Regardless, the last 115 centuries have indeed been remarkably consistent, even with anomalies like the Little Ice Age and the Medieval Warm Period. As this reliability dissolves, we’ll experience many ills, including elevated seas that flood settlements; the spread of disease as the ranges of tropical insects expand; animal die-offs on land in the sea, including ones that humans eat; failure of climate-control infrastructure such as air conditioning in urban areas; more wildfires; more floods; and more pandemics.

But farming is the one that worries me most. Whole areas that are currently used for food growing will become unsuitable for that purpose. What is now raised in Nebraska will need to be in North Dakota and eventually Saskatchewan, and there’s only so far north you can go. Political considerations are all too likely to intervene into what should be common sense “all in this together” decisions; at some point the current idea of nation states will need to be set aside for the purpose of collective survival. That might seem impossible right now, but modern notions of nationalism only date from the late 19th Century. Before that happens, I fear that more wars will erupt.

“Normal” isn’t working anyway

Whether we like it or not, the stability of both the US and the planet’s climate is ending. But before we shed too many tears, we must ask ourselves a very honest question: Was either the United States or civilization working that well anyway?

The US has been a brutal experiment in settler-colonialism, founded on genocide, theft and slavery. To this day, its wealth is produced from horrific human rights abuses and outright ecocide. Its citizens are depressed and debilitated. Who is it actually working for? It will be a blessing to many when it no longer has muscle to flex.

As for civilization, it’s a killing machine. Forests precede it and deserts follow, as has been observed (though of course a healthy desert ecosystem is as worthwhile as any other). Like the US, the agricultural-urban complex is founded on domination. It serves a small number while harming multitudes, with non-humans bearing the brunt of the brutality. The sooner it is gone, the sooner the healing can begin.

I know these transitions will bring much human suffering, and I do not wish for that. I am not a misanthrope, as too many collapse-aware individuals are these days; I do not wish for anything that will hurt anyone. However, I recognize that the status quo itself is inherently hurtful, and its end—though messy in the middle—will result in relieving a tremendous amount of suffering that’s just “normal” now.

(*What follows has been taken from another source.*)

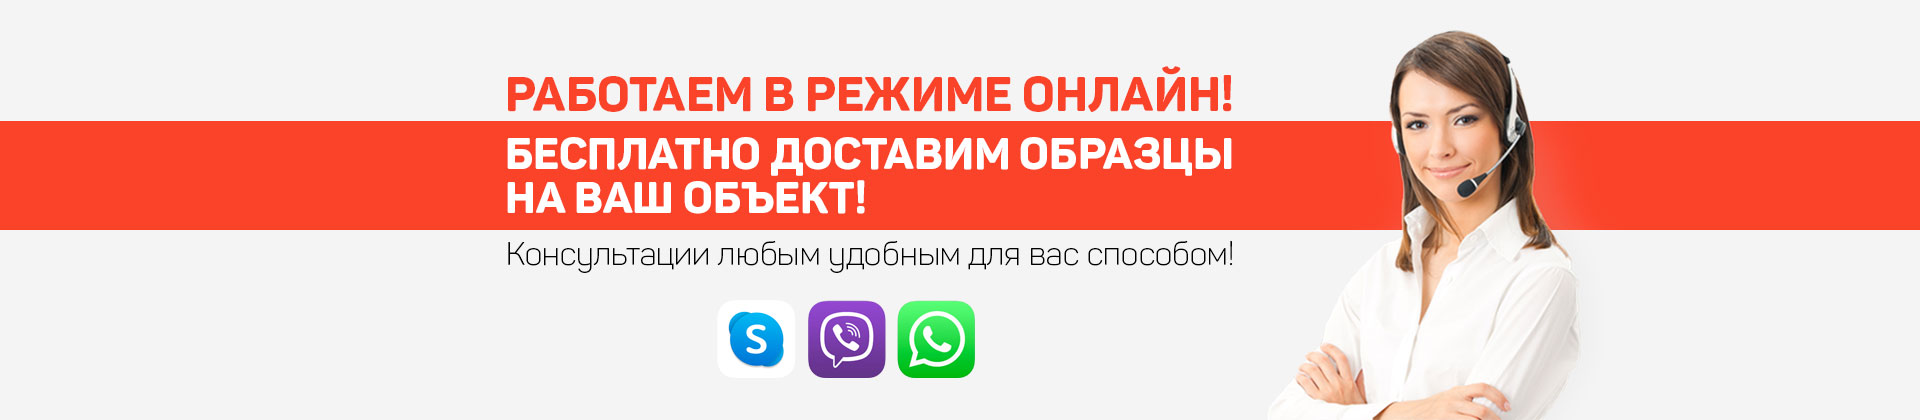 baner-rabotaem-v-online-regime

I also have no idea if I will make it through these transitions without experiencing intense suffering myself. I realize that to some degree—maybe small, maybe large—it’s not up to me. I could make sensible plans, hone practical skills, and gather vital resources and still be taken out by some random event beyond my control.

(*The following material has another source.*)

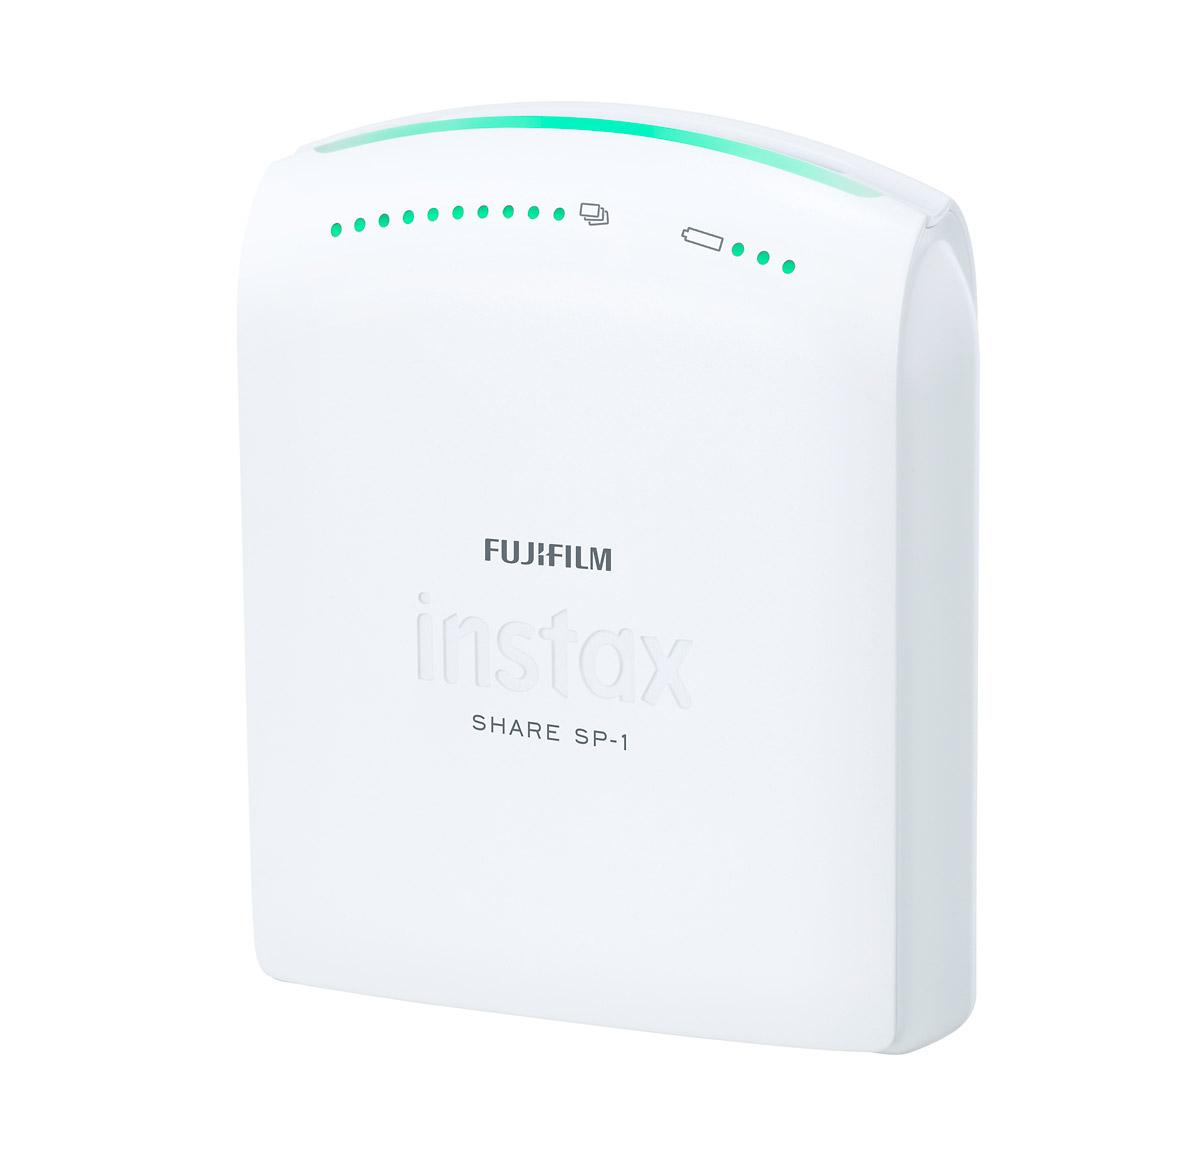 Fujifilm Instax Share SP-1 Wi-Fi Instant Printer

What’s “beyond our control”? More than we’d like to think, I would guess, or more than we’ve been led to believe by the defenders of the system anyway. Our notion of individual agency might amount to nothing more than the kind of hubris that can only be sustained by the artificiality we’ve manufactured for ourselves. Nature is now delivering us a lesson in humility.

What now?

We don’t need a magic eight-ball to know that 2020 is just the beginning; more crises and more opportunities are on the way. The ride’s only going to get more intense. Time to strap in. Or jump out.

Is there anything we can do about the new territory of uncertainty we are entering?

No, in that the inertia of these forces is unstoppable. The US will just fall, the climate will just change. It’s as simple as what goes up must come down.

But also yes, in that we can always try to be decent human beings, living from compassion. We are not only malicious. Those who would have you believe that are not trustworthy; they’ve just told you what they think about themselves.

Ultimately, even though the big picture of downfall is clear, the little steps along the way are not and they won’t all be painful. Some beauty awaits us too.